Here is how to set it up from zero and build a real CI/CD pipeline.

What You Will Build

By the end of this guide, you will have:

  • Tekton Pipelines installed on your cluster
  • A Task that clones a Git repo and runs tests
  • A Pipeline that builds a Docker image and pushes it to a registry
  • Tekton Triggers to auto-run pipelines on Git push
  • Tekton Dashboard for a visual overview

Prerequisites

  • A Kubernetes cluster (1.27+) — DigitalOcean's DOKS or any managed cluster works
  • kubectl configured and connected
  • A container registry (Docker Hub, GHCR, or your private registry)

Step 1: Install Tekton Pipelines

bash
# Install the latest Tekton Pipelines release
kubectl apply --filename https://storage.googleapis.com/tekton-releases/pipeline/latest/release.yaml
 
# Verify the installation
kubectl get pods -n tekton-pipelines --watch

Wait until all pods are Running:

NAME                                           READY   STATUS
tekton-pipelines-controller-7b8d7b5c5f-x9k2l  1/1     Running
tekton-pipelines-webhook-6c4f7b8d9-m3n7j       1/1     Running

Step 2: Install the Tekton CLI

The tkn CLI makes it easy to interact with Tekton resources:

bash
# macOS
brew install tektoncd-cli
 
# Linux
curl -LO https://github.com/tektoncd/cli/releases/latest/download/tkn_Linux_x86_64.tar.gz
tar xvzf tkn_Linux_x86_64.tar.gz -C /usr/local/bin tkn
 
# Verify
tkn version

Step 3: Create Your First Task

A Task is the smallest unit of work in Tekton — it runs one or more steps in a pod:

yaml
apiVersion: tekton.dev/v1
kind: Task
metadata:
  name: hello-world
spec:
  steps:
    - name: say-hello
      image: alpine:3.19
      script: |
        echo "Hello from Tekton!"
        echo "Running on Kubernetes as a pod"
        date

Apply and run it:

bash
kubectl apply -f hello-task.yaml
 
# Create a TaskRun to execute it
tkn task start hello-world --showlog

You should see the output directly in your terminal. Every TaskRun creates a pod — you can inspect it with kubectl get pods.

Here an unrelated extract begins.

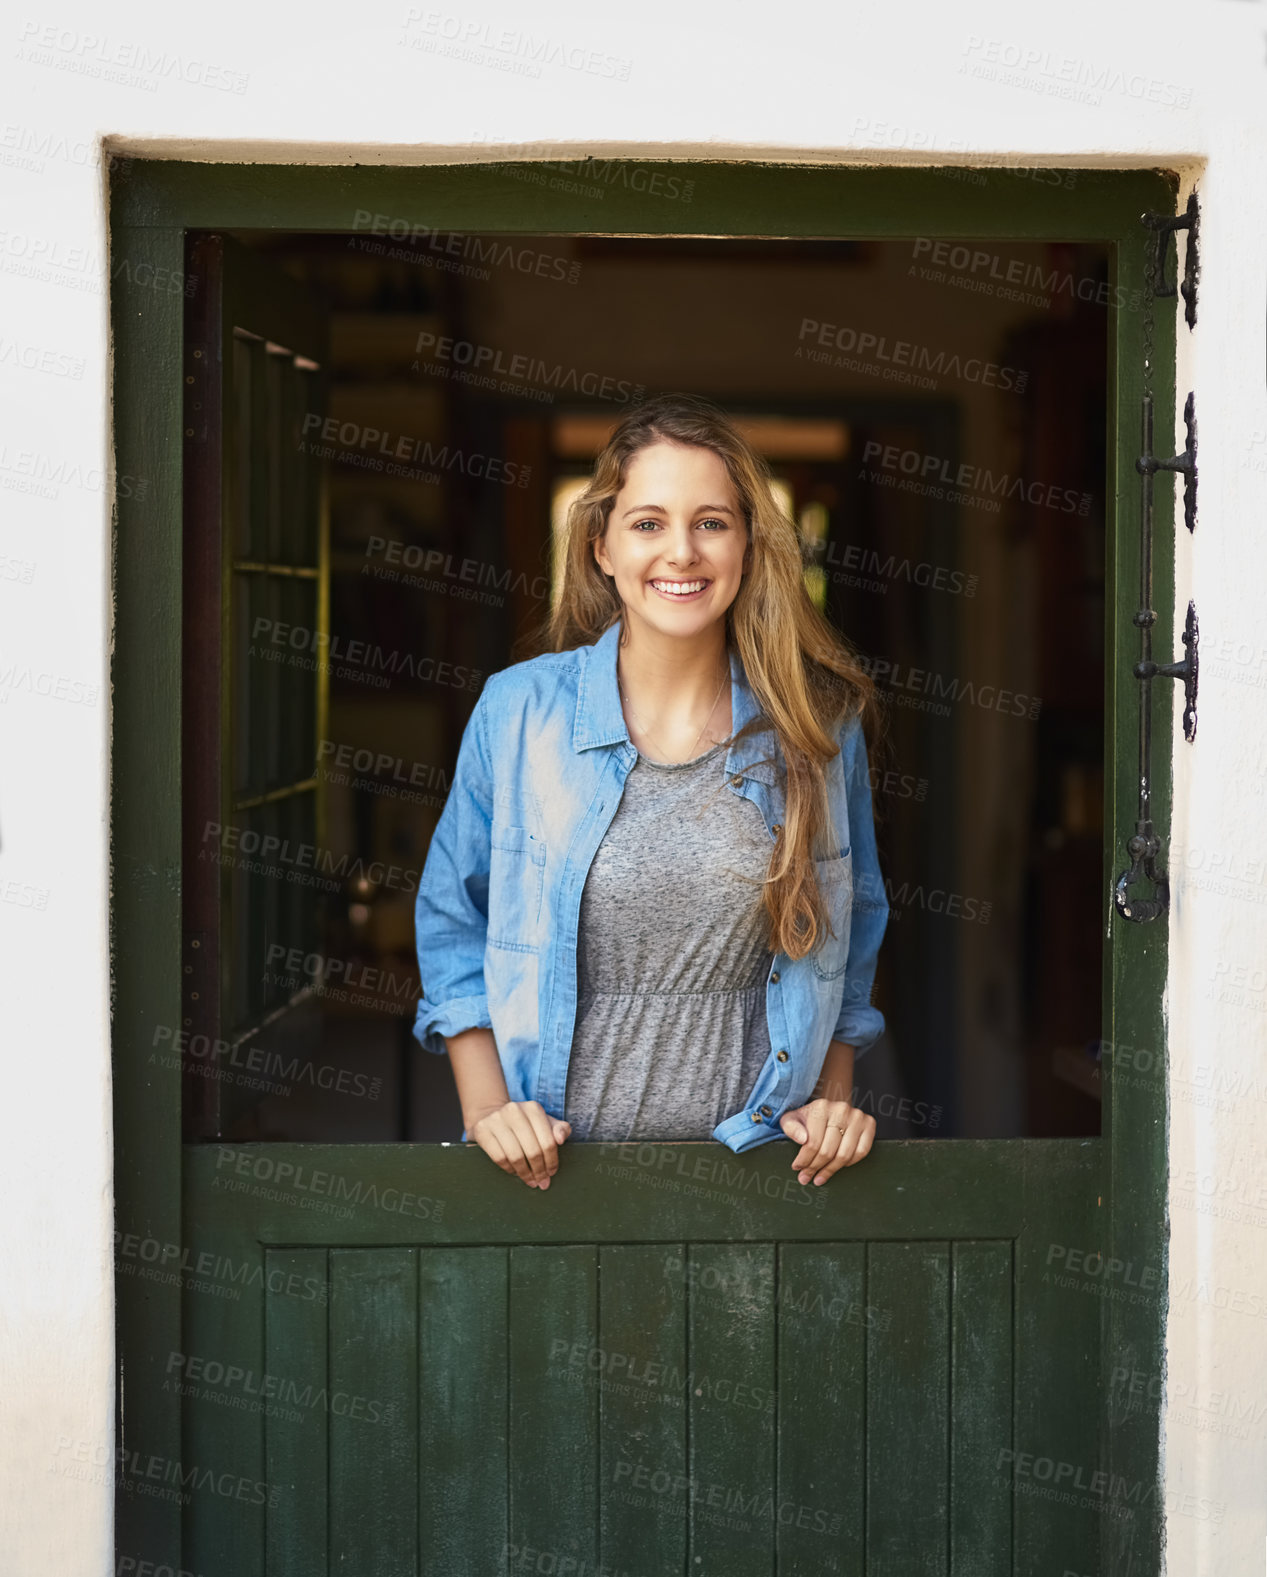 Buy stock photo Portrait of an attractive young woman standing by her back door

Step 4: Clone and Test a Repository

Now build a useful Task that clones a Git repo and runs tests:

yaml
apiVersion: tekton.dev/v1
kind: Task
metadata:
  name: clone-and-test
spec:
  params:
    - name: repo-url
      type: string
      description: Git repository URL
    - name: branch
      type: string
      default: main
  workspaces:
    - name: source
      description: Workspace to clone the repo into
  steps:
    - name: clone
      image: alpine/git:2.43.0
      script: |
        git clone -b $(params.branch) $(params.repo-url) $(workspaces.source.path)/repo
        cd $(workspaces.source.path)/repo
        echo "Cloned $(git rev-parse --short HEAD)"
 
    - name: test
      image: node:20-alpine
      workingDir: $(workspaces.source.path)/repo
      script: |
        npm ci
        npm test

Steps run sequentially in the same pod, sharing the workspace volume.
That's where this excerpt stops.